Trump denied any prior knowledge of the investigation in a NBC News interview on Sunday.

“I don’t know anything about it, but he’s certainly not very good at the Fed, and he’s not very good at building buildings,” he said of Powell.

Minneapolis protesters – already outraged by last Wednesday’s fatal shooting of Renee Good by an immigration officer – braced for a new onslaught as the Department of Homeland Security sent more agents in to the area, carried out what it called its largest enforcement operation ever.

As door-to-door raids began, protesters screamed at heavily armed federal agents and honked car horns, banged on drums and blew whistles in attempts to disrupt their operations in one Minneapolis neighborhood filled with single-family homes.

There was some pushing and several people were hit with chemical spray just before agents banged down the door of one home on Sunday. Agents later took one man away in handcuffs.

Updated

'Hundreds more' federal officers sent to Minnesota

The widespread outcry over Renee Good’s killing led to more protests on the weekend against ICE, in Minneapolis as well as New York, Austin, Seattle and LA.

Minneapolis police said “tens of thousands of people” attended the march which was peaceful, said Mayor Jacob Frey.

Still, Homeland Security secretary Kristi Noem announced on Sunday that “hundreds more” federal officers would be sent to Minnesota, arriving “today and tomorrow”, to quell tensions and to suppress protesters.

“If they conduct violent activities against law enforcement, if they impede our operations, that’s a crime, and we will hold them accountable to those consequences,” she said.

The Trump administration has sought to spin the ICE officer’s killing of Good as an act of self-defence, claiming the mother-of-three had “weaponised” her car to try and attack the officials. The videos that have emerged and continue to emerge of the incident show Good attempting to drive away from the scene.

Some Democrats have said accused the White House of a cover-up.

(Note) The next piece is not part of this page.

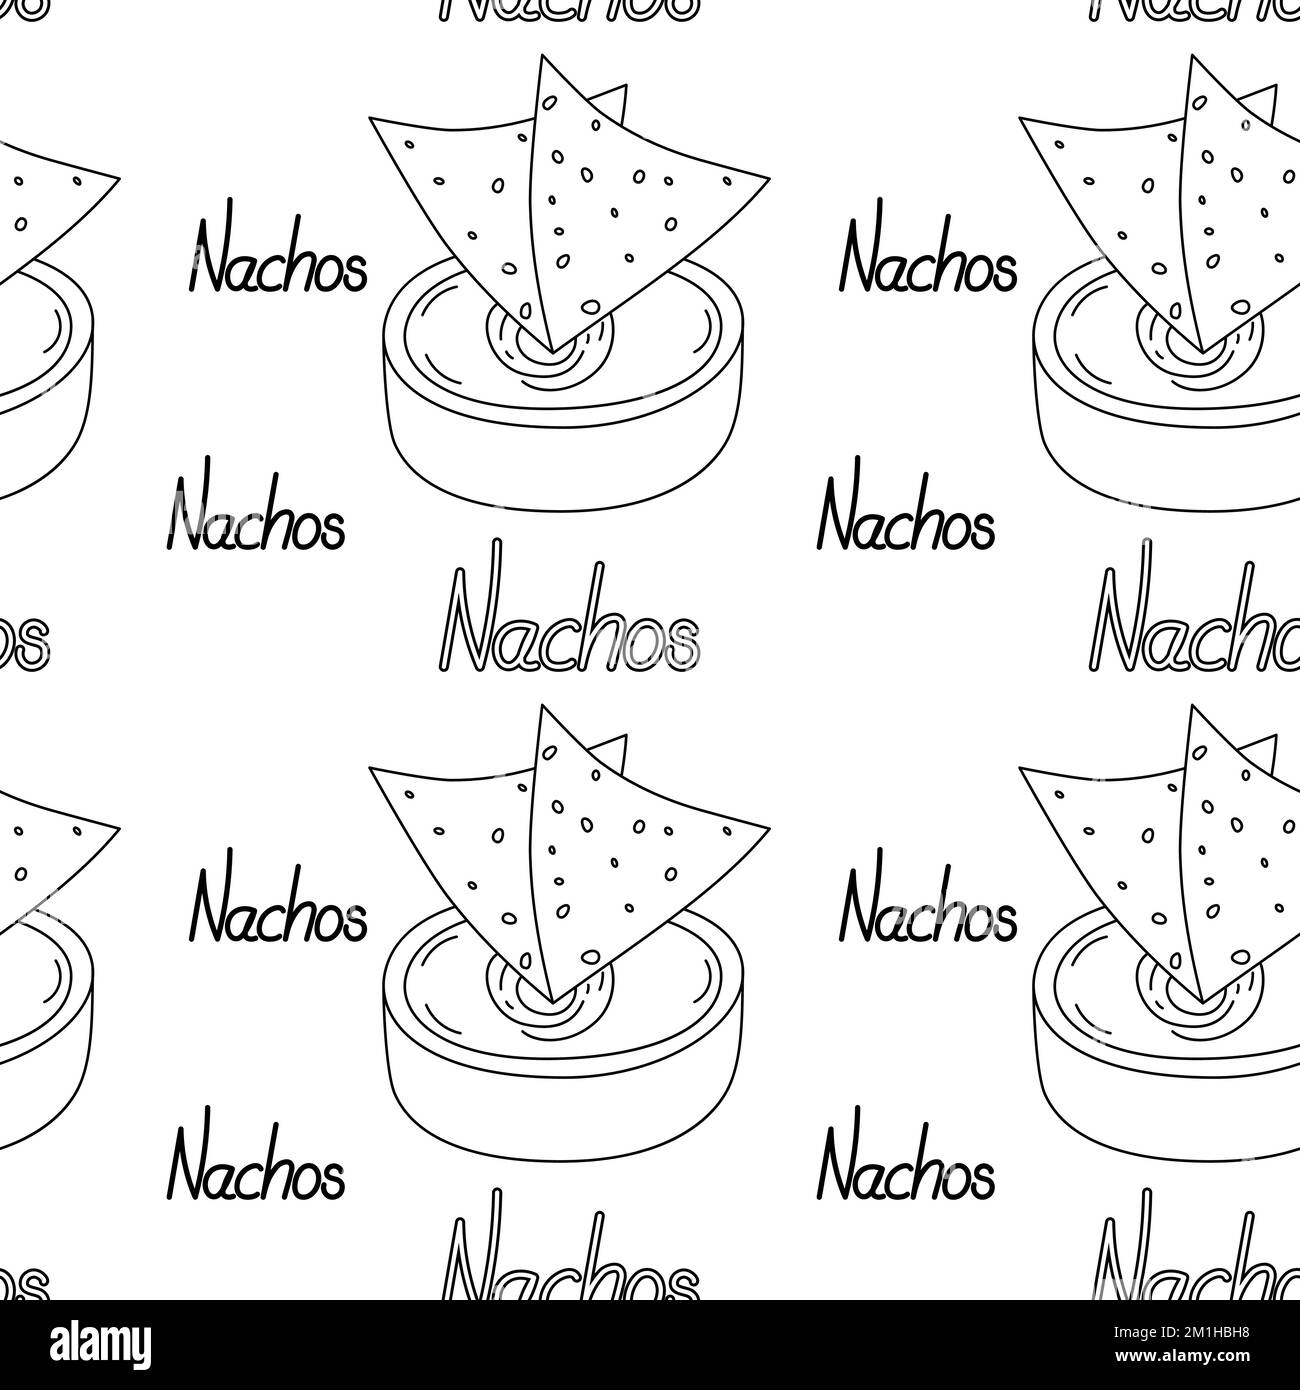 Endless pattern with traditional corn Mexican chips Nachos and sauce in bowl with lettering Nachos by hand. Latin American catering. Backdrop texture. Isolate. Good for wrapping, wallpaper, cards. EPS Stock Vector

Mayor Frey told CNN: “Anybody can see that this victim is not a domestic terrorist”, saying her actions were of someone trying to do a three-point turn to escape the scene.

In a sobering note, he added that the city’s local law enforcement were “outnumbered by the number of ICE agents and beyond”.

Updated

Opening summary

Welcome to our US politics blog. There are several major stories around this morning:

  • “Hundreds more” federal agents are being deployed to Minneapolis after an officer shot dead a woman in her car last week. Renee Good’s killing has sparked protests across several cities. Homeland Security Secretary Kristi Noem said more officers were being sent for their own protection.

  • Fed chair Jerome Powell – who has been slammed by Trump for refusing to lower interest rates – announced Sunday he’s facing criminal investigation by federal prosecutors over renovations to Federal Reserve buildings. He’s made clear the “unprecedented” probe is driven by political motives.

  • All eyes are on how the US might respond to Iran’s deadly crackdown on protesters, and whether it might mete out further military action, in addition to its strikes last year. Trump said on Sunday he was in contact with the opposition, and US officials might meet with Iranian counterparts.

  • Trump is also threatening Cuba with withholding oil supplies from Venezuela, warning them to “make a deal, BEFORE IT IS TOO LATE” in a Sunday post on Truth Social. “THERE WILL BE NO MORE OIL OR MONEY GOING TO CUBA - ZERO!” His threats to the traditional ally of Venezuela come in the wake of the US kidnapping and removing Venezuelan leader Nicolás Maduro last week, while concerns also remain over the White House’s claims on Greenland.